- **Material provided**:
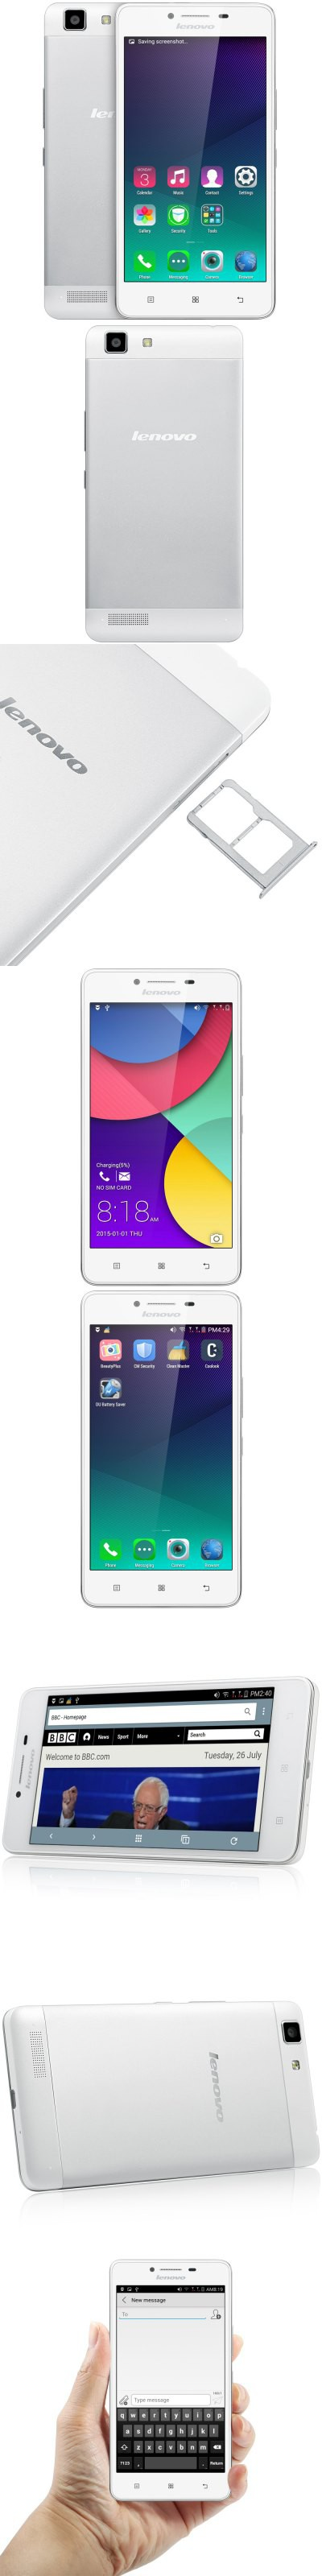 Android 4.4 5.0 inch MTK6732 Quad Core 1.5GHz 1GB RAM 8GB ROM Gravity Sensor Bluetooth 4.0 GPS
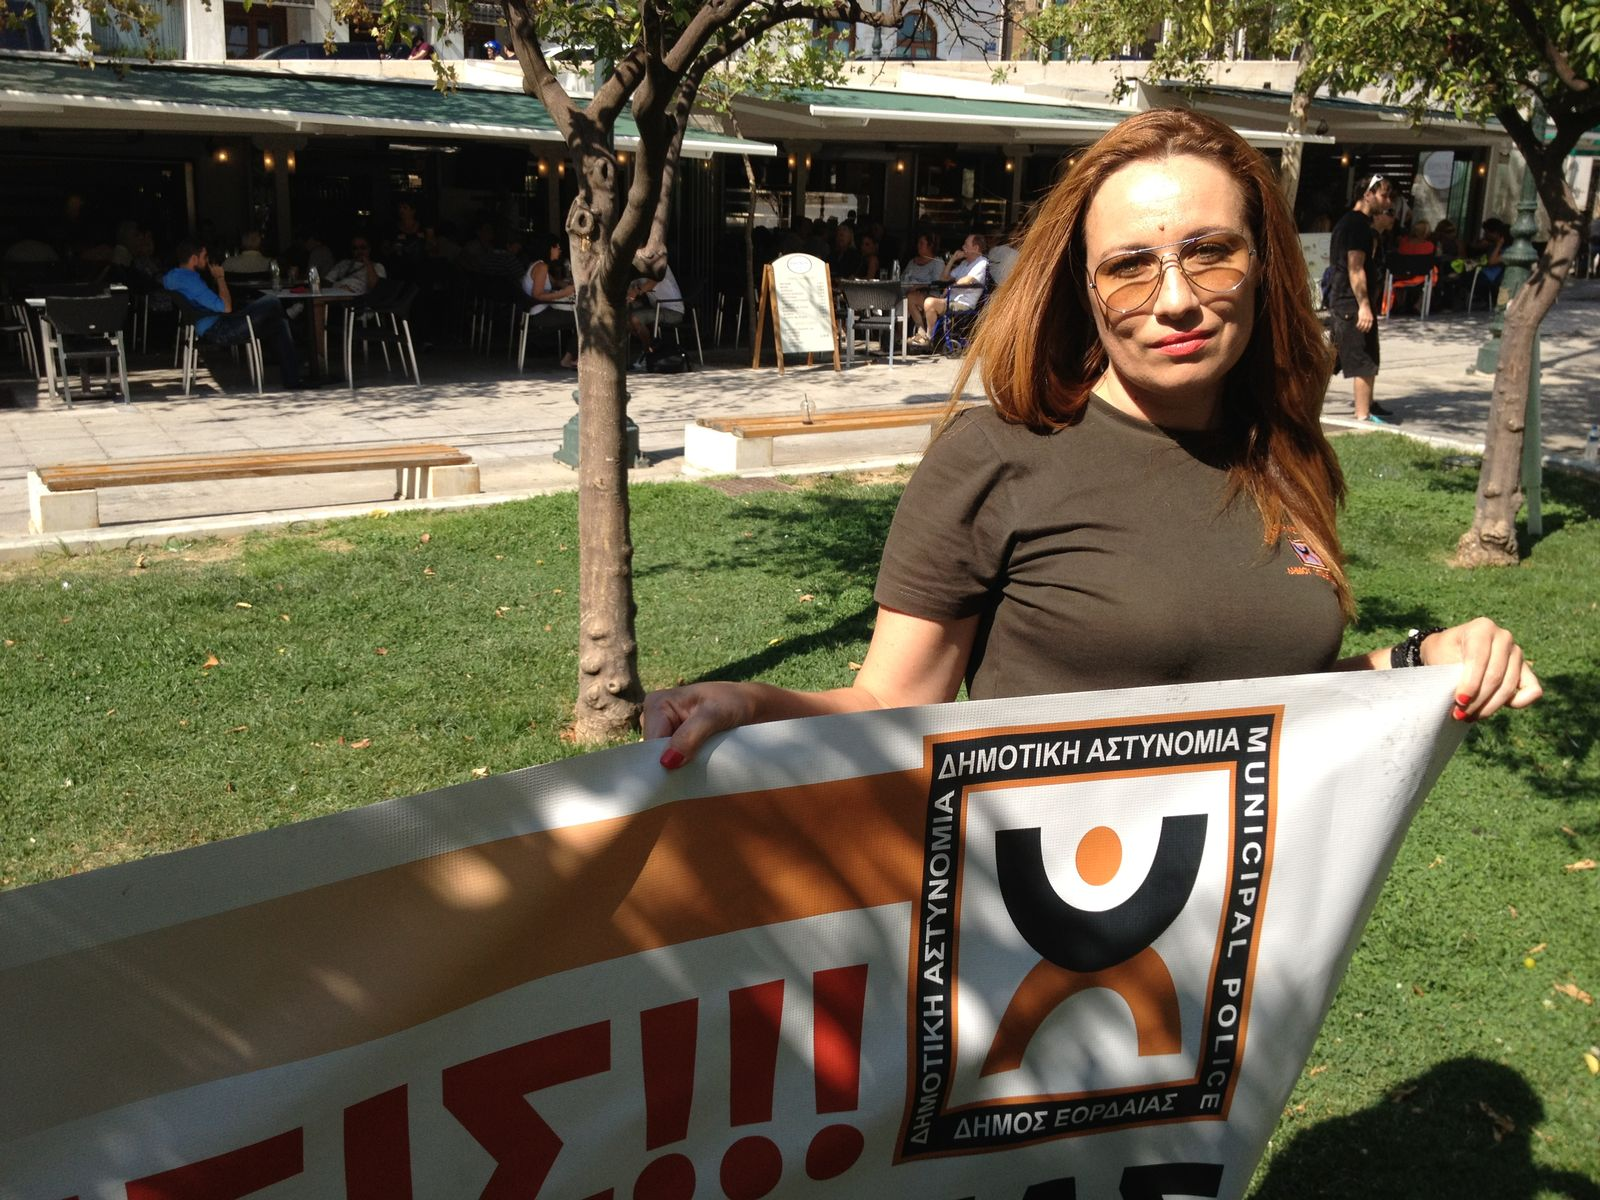 Griechenland / Protest / Kommunalpolizistin Vasiliki Pagouni
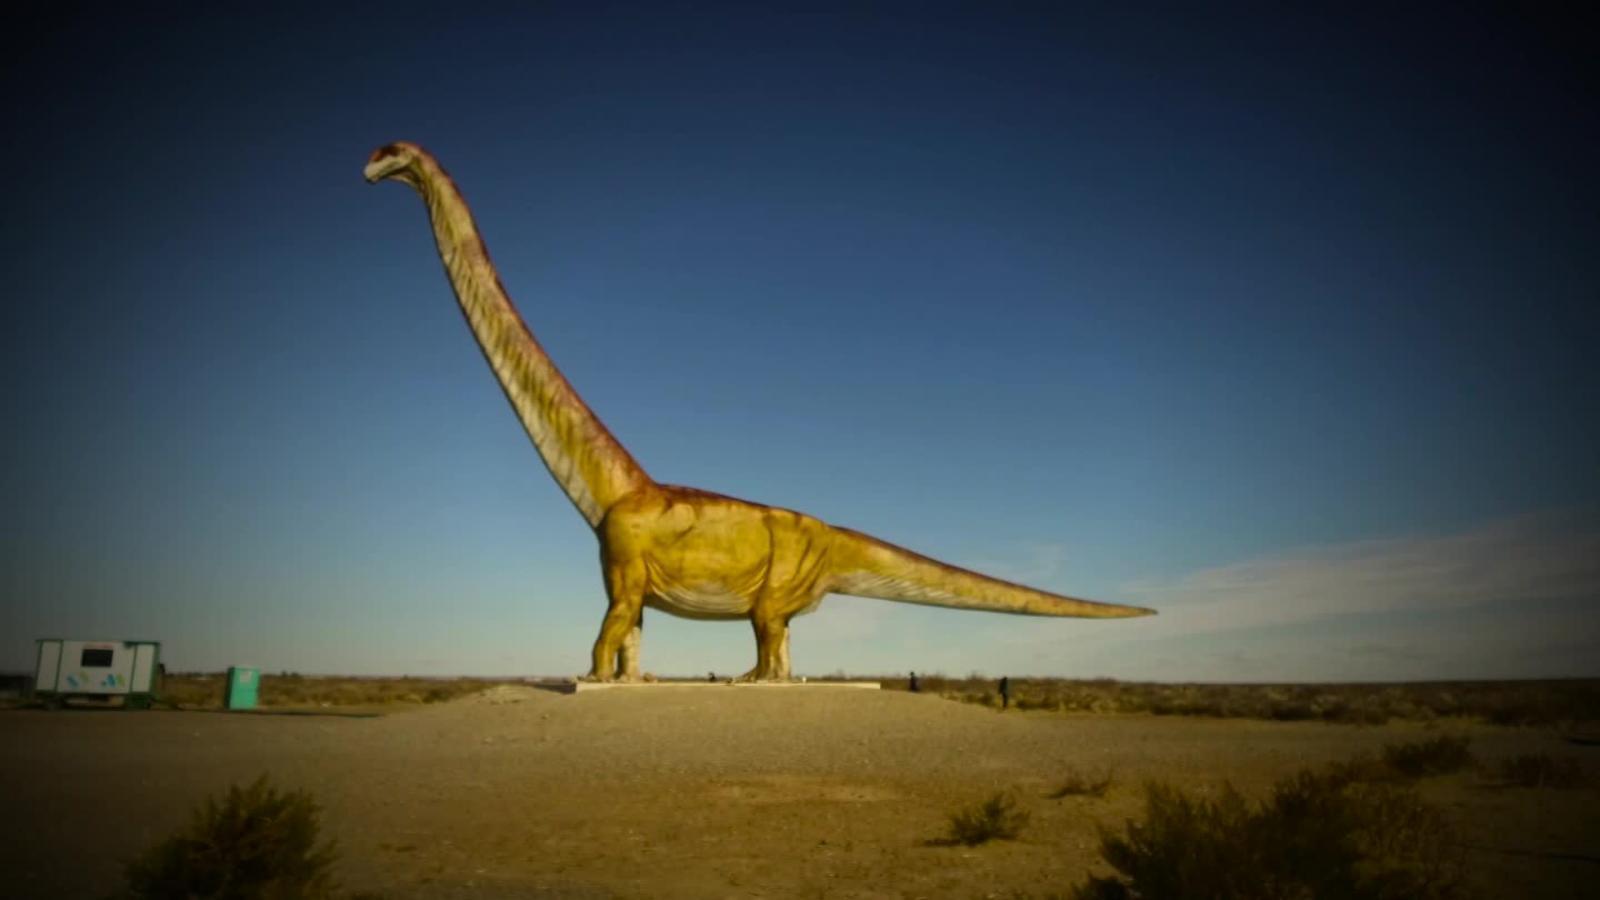 ¿Por qué Argentina tiene tantos fósiles de dinosaurios? https://t.co/txmoTMp13z https://t.co/65NSIP3VBw
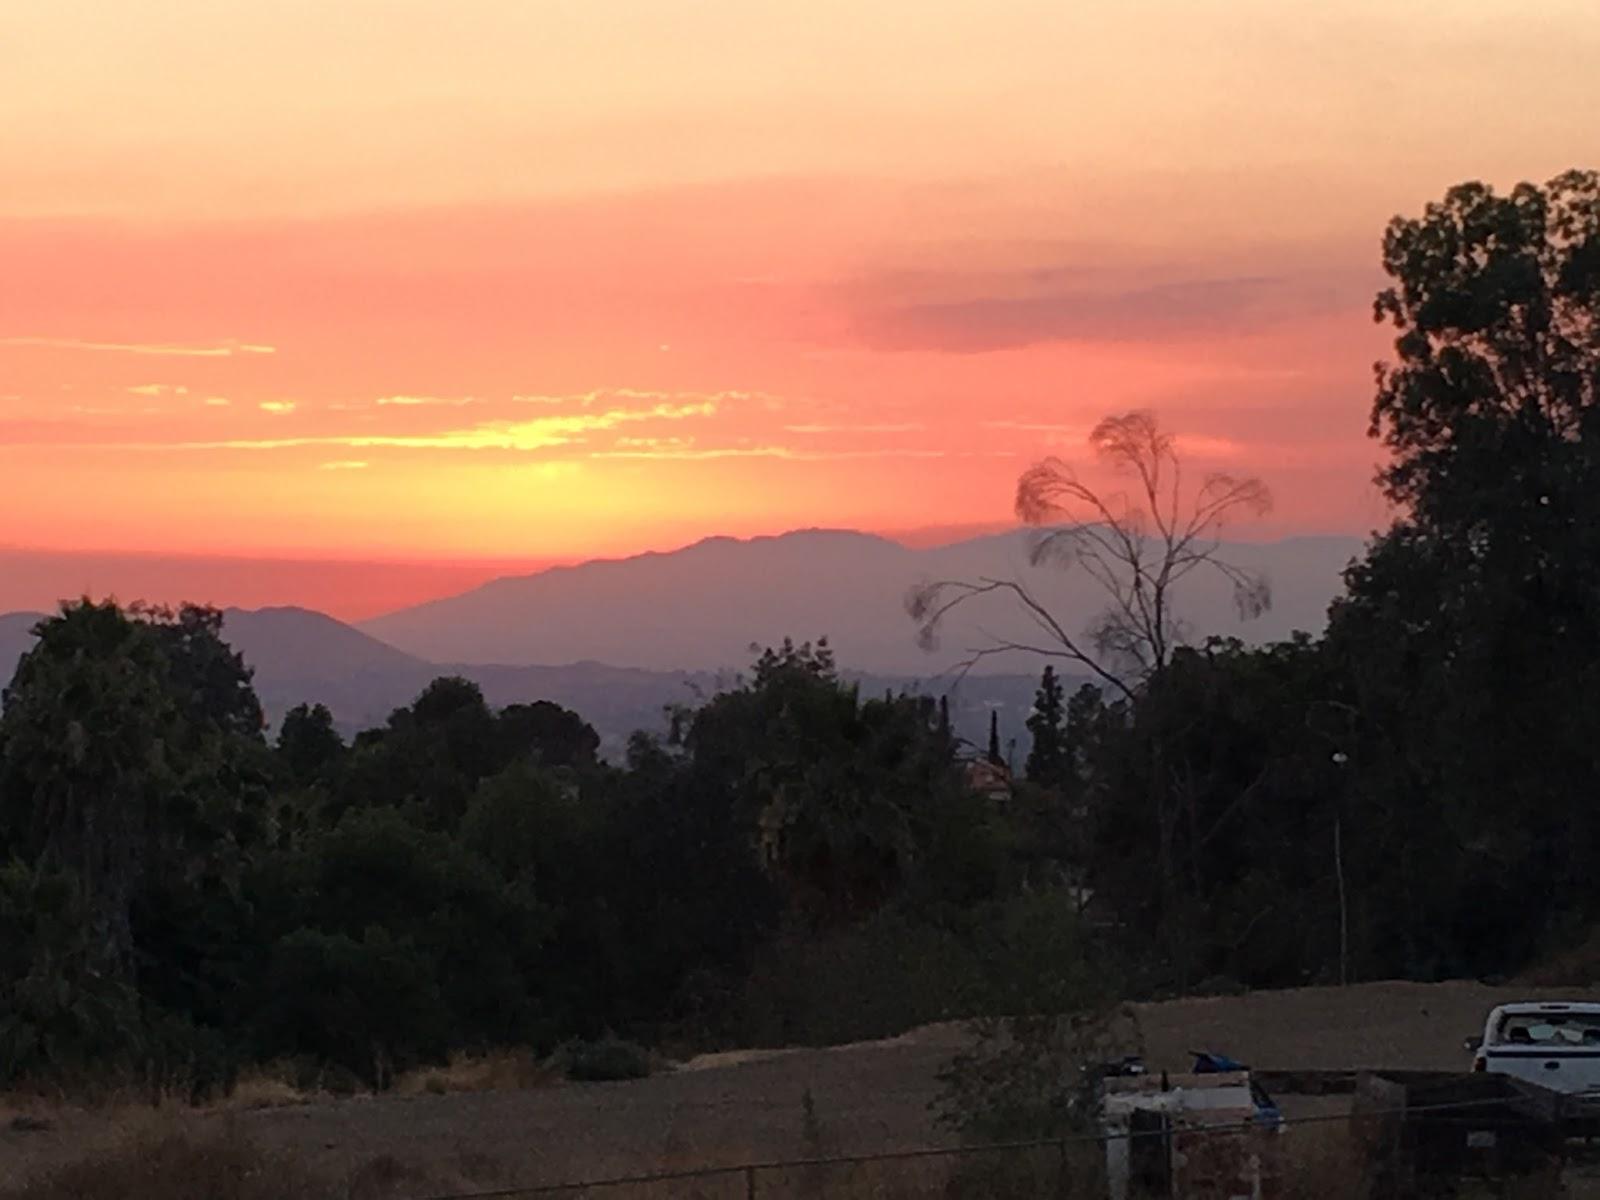 california riverside mission 2017 2020 july 2017

- **Problem requirements**: Down to the last line, set down the data above exactly, and omit all images.

- **Final answer**:
 Android 4.4 5.0 inch MTK6732 Quad Core 1.5GHz 1GB RAM 8GB ROM Gravity Sensor Bluetooth 4.0 GPS
 Griechenland / Protest / Kommunalpolizistin Vasiliki Pagouni
 ¿Por qué Argentina tiene tantos fósiles de dinosaurios? https://t.co/txmoTMp13z https://t.co/65NSIP3VBw
 california riverside mission 2017 2020 july 2017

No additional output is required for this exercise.